Carquefou regarda Magnus d’un air doux.

– Non, pas toi, camarade, reprit celui-ci : tu es un poltron trop brave pour que je veuille me priver de tes services. Le premier soldat venu, probe et fidèle, suffira pour cet emploi, qui demande pour toute vertu de l’immobilité. On l’instruira une fois par semaine, le dimanche, par exemple, et à l’aide d’un messager, de l’itinéraire que chacun de nous aura suivi. À la première alerte, nous nous réunissons ; mais si le temps manque, chacun de nous est autorisé à agir à sa guise en prenant conseil des circonstances.

– Autorisé ! s’écria Renaud ; dites qu’il devra mettre flamberge au vent sans crier gare !

– C’est l’opinion de Baliverne ! répondit Magnus.

– Hélas ! c’est celle aussi de Frissonnante ! murmura Carquefou.

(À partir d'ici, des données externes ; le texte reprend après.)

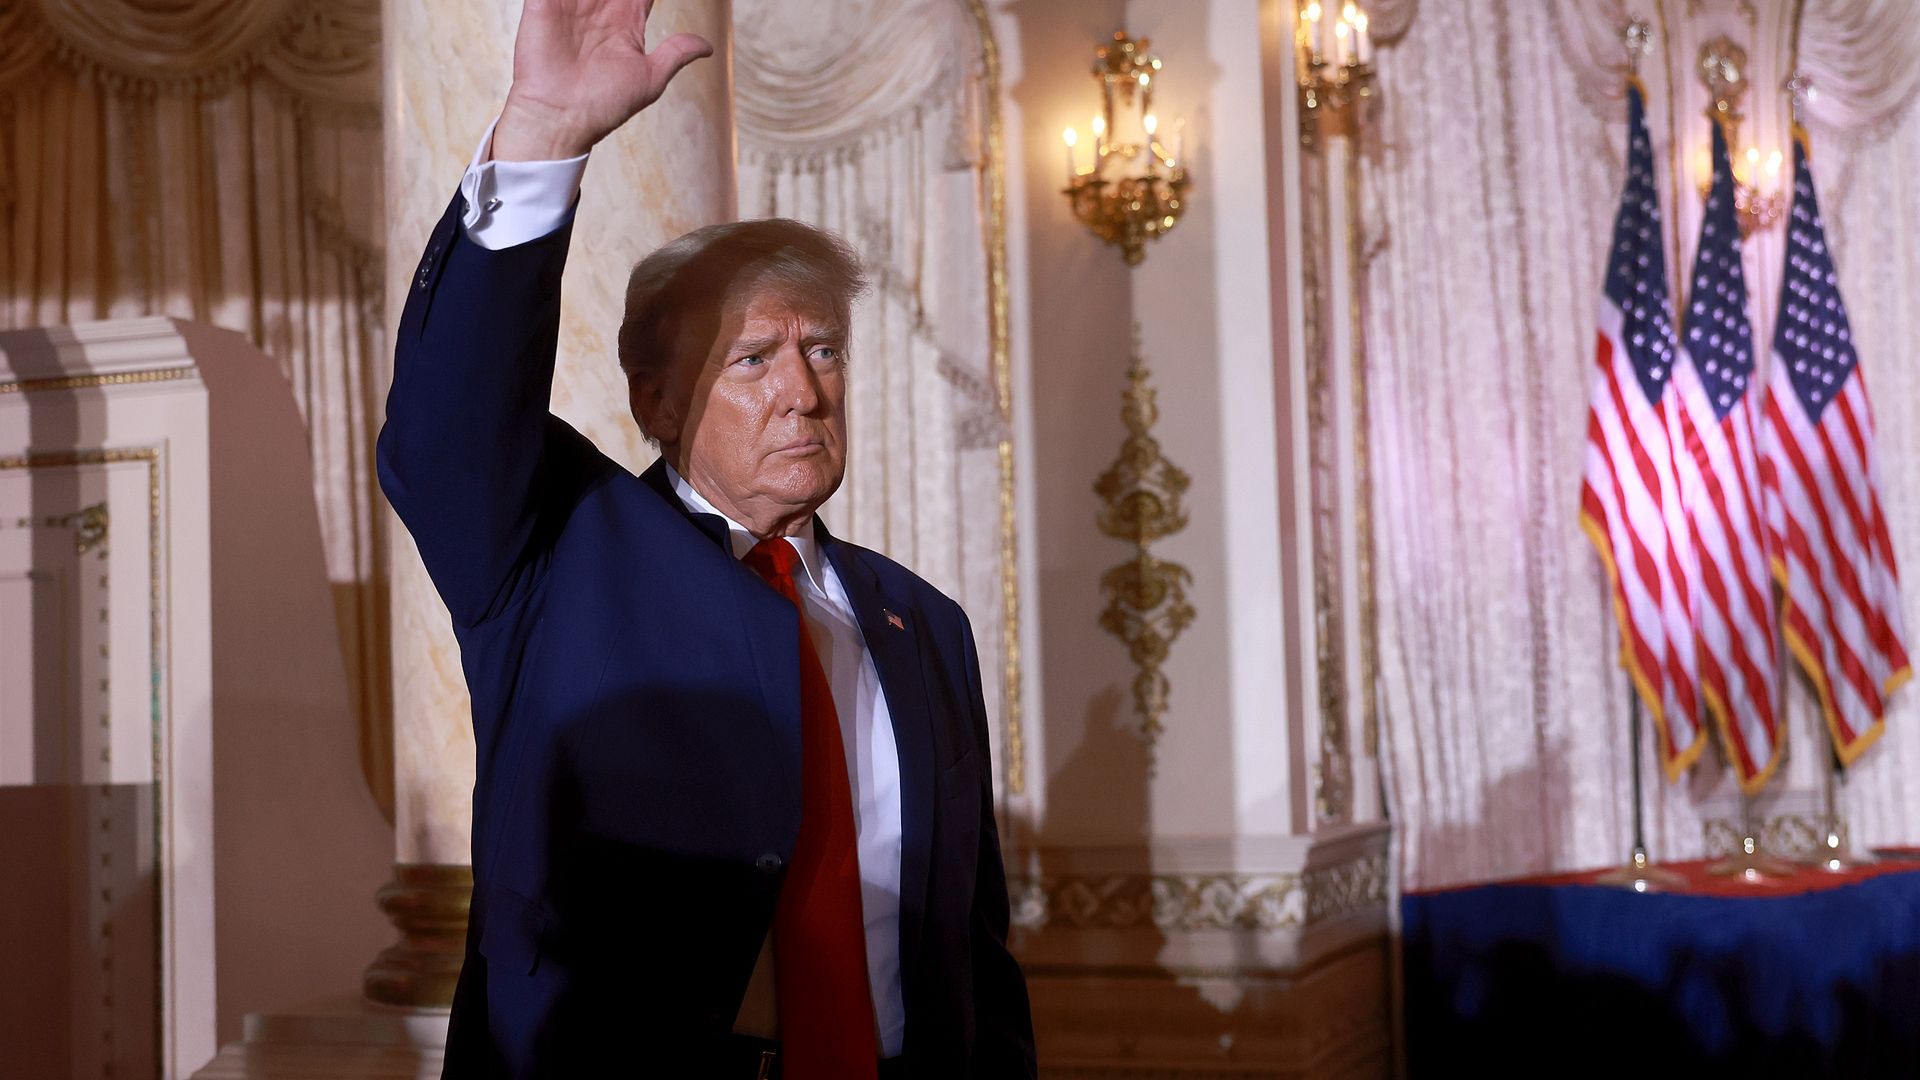 Photo of Donald Trump raising his hand

L’admiration que Carquefou professait pour Magnus en toutes choses l’avait depuis peu engagé à donner un nom à la rapière qui lui battait les flancs ; et, fidèle à son caractère, il avait fait choix de celui de Frissonnante.

– Ce n’est pas belliqueux, mais c’est vrai, disait-il.

Toutes choses réglées, Armand-Louis et Renaud se levèrent par un mouvement simultané.

– En route à présent ! dirent-ils.

Une heure après, chacun d’eux, bien monté et pourvu d’une somme ronde en or roulée dans les plis d’une ceinture, s’enfonçaient dans la campagne par un chemin différent. Armand-Louis et Renaud partirent au galop ; Magnus marchait au pas ; Carquefou trottait.